Network motifs are recurrent and statistically significant subgraphs or patterns of a larger graph. All networks, including biological networks, social networks, technological networks (e.g., computer networks and electrical circuits) and more, can be represented as graphs, which include a wide variety of subgraphs.

Network motifs are sub-graphs that repeat themselves in a specific network or even among various networks. Each of these sub-graphs, defined by a particular pattern of interactions between vertices, may reflect a framework in which particular functions are achieved efficiently. Indeed, motifs are of notable importance largely because they may reflect functional properties. They have recently^[when?] gathered much attention as a useful concept to uncover structural design principles of complex networks.^[1] Although network motifs may provide a deep insight into the network's functional abilities, their detection is computationally challenging.

Definitions

Let $G = (V, E)$ and $G' = (V', E')$ be two graphs. Graph $G'$ is a sub-graph of graph $G$ (written as $G' \subseteq G$ ) if $V' \subseteq V$ and $E' \subseteq E \cap (V' \times V')$ . If $G' \subseteq G$ and $G'$ contains all of the edges $⟨u, v⟩ \in E$ with $u, v \in V'$ , then $G'$ is an induced sub-graph of $G$ . We call $G'$ and $G$ isomorphic (written as $G' \leftrightarrow G$ ), if there exists a bijection (one-to-one correspondence) $f:V' \to V$ with $⟨u, v⟩ \in E' \Leftrightarrow ⟨f(u), f(v)⟩ \in E$ for all $u, v \in V'$ . The mapping $f$ is called an isomorphism between $G$ and $G'$ .^[2]

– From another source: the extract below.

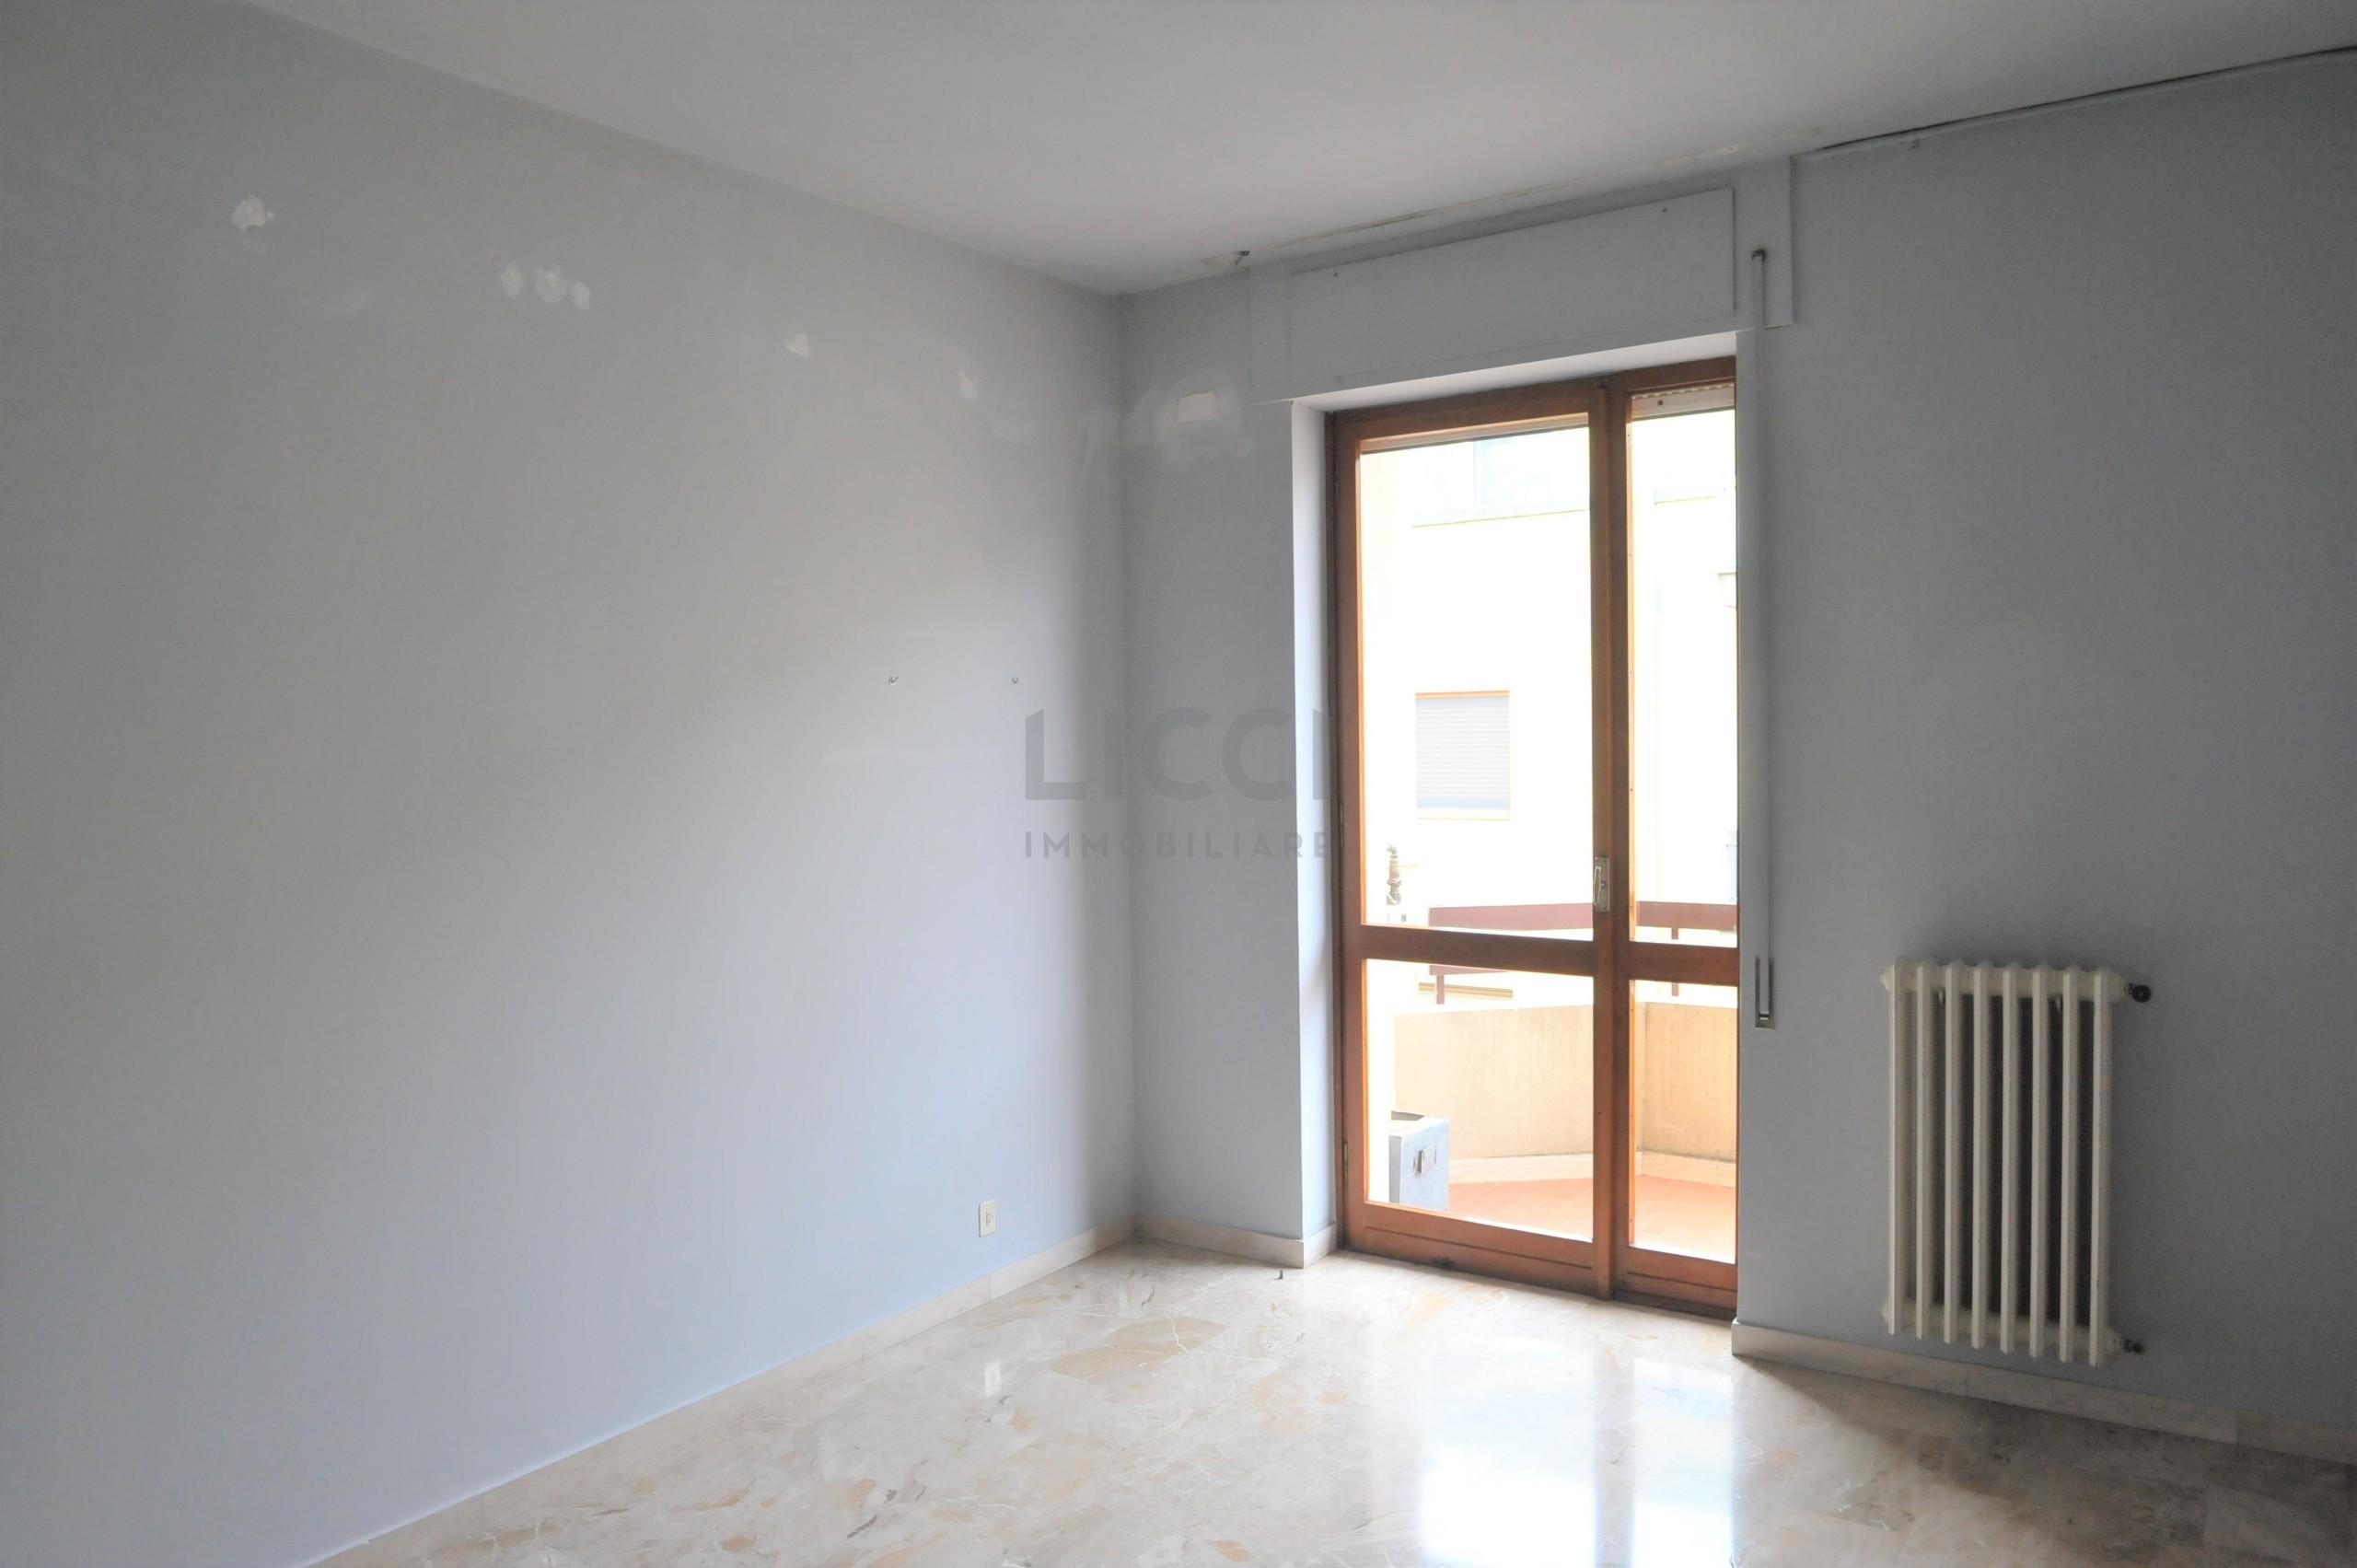 Appartamento a Monopoli Via Marsala 66, Centrale
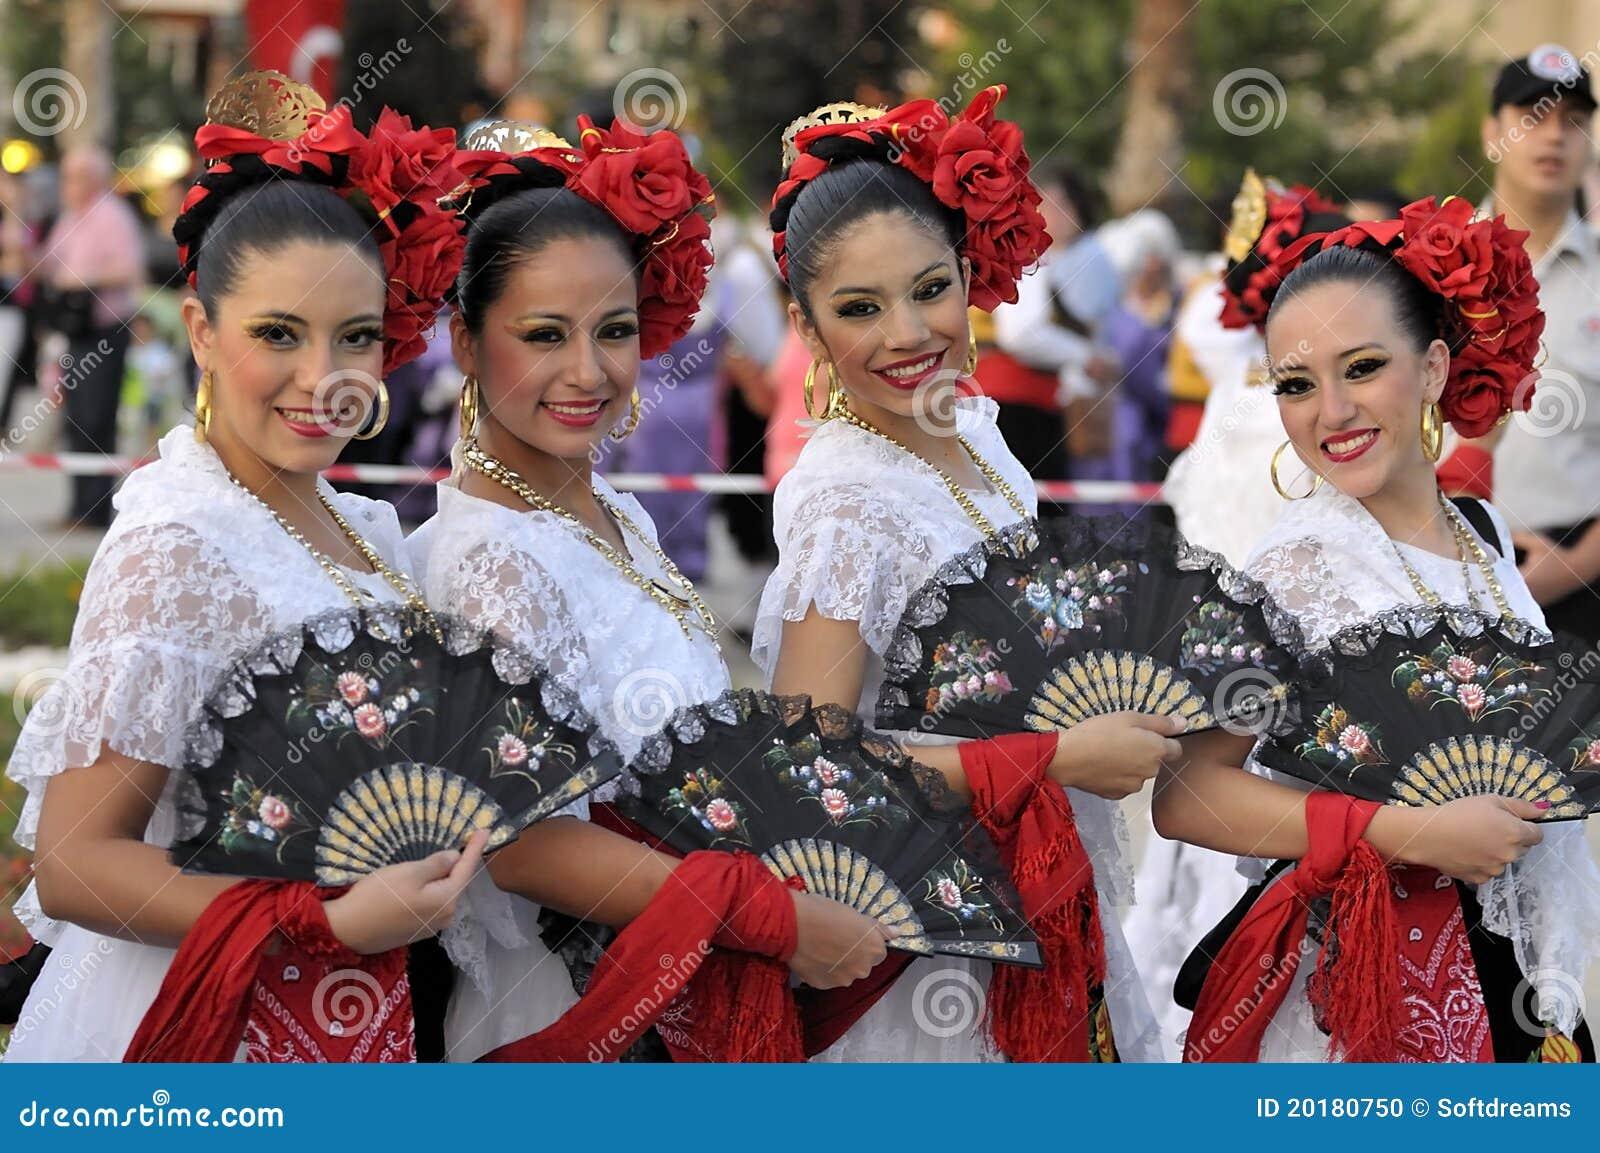 Señoras jovenes de México, bailarines del folklore

When $G″ \subset G$ and there exists an isomorphism between the sub-graph $G″$ and a graph $G'$ , this mapping represents an appearance of $G'$ in $G$ . The number of appearances of graph $G'$ in $G$ is called the frequency $F G$ of $G'$ in $G$ . A graph is called recurrent (or frequent) in $G$ when its frequency $F G (G')$ is above a predefined threshold or cut-off value. We use terms pattern and frequent sub-graph in this review interchangeably. There is an ensemble $Ω(G)$ of random graphs corresponding to the null-model associated to $G$ . We should choose $N$ random graphs uniformly from $Ω(G)$ and calculate the frequency for a particular frequent sub-graph $G'$ in $G$ . If the frequency of $G'$ in $G$ is higher than its arithmetic mean frequency in $N$ random graphs $R i$ , where $1 \leq i \leq N$ , we call this recurrent pattern significant and hence treat $G'$ as a network motif for $G$ . For a small graph $G'$ , the network $G$ , and a set of randomized networks $R(G) \subseteq Ω(R)$ , where $R(G) = N$ , the Z-score of the frequency of $G'$ is given by

$Z(G^{\prime })={\frac {F_{G}(G^{\prime })-\mu _{R}(G^{\prime })}{\sigma _{R}(G^{\prime })}}$

where $μ R (G')$ and $σ R (G')$ stand for the mean and standard deviation of the frequency in set $R(G)$ , respectively.^[3]^[4]^[5]^[6]^[7]^[8] The larger the $Z(G')$ , the more significant is the sub-graph $G'$ as a motif. Alternatively, another measurement in statistical hypothesis testing that can be considered in motif detection is the p-value, given as the probability of $F R (G') \geq F G (G')$ (as its null-hypothesis), where $F R (G')$ indicates the frequency of G' in a randomized network.^[6] A sub-graph with p-value less than a threshold (commonly 0.01 or 0.05) will be treated as a significant pattern. The p-value for the frequency of $G'$ is defined as

$P(G^{\prime })={\frac {1}{N}}\sum _{i=1}^{N}\delta (c(i))\quad c(i):F_{R}^{i}(G^{\prime })\geq F_{G}(G^{\prime })$

where $N$ indicates the number of randomized networks, $i$ is defined over an ensemble of randomized networks, and the Kronecker delta function $δ(c(i))$ is one if the condition $c(i)$ holds. The concentration^[9]^[10] of a particular n-size sub-graph $G'$ in network $G$ refers to the ratio of the sub-graph appearance in the network to the total n-size non-isomorphic sub-graphs' frequencies, which is formulated by

$C_{G}(G^{\prime })={\frac {F_{G}(G^{\prime })}{\sum _{i}F_{G}(G_{i})}}$

where index $i$ is defined over the set of all non-isomorphic n-size graphs. Another statistical measurement is defined for evaluating network motifs, but it is rarely used in known algorithms. This measurement is introduced by Picard et al. in 2008 and used the Poisson distribution, rather than the Gaussian normal distribution that is implicitly being used above.^[11]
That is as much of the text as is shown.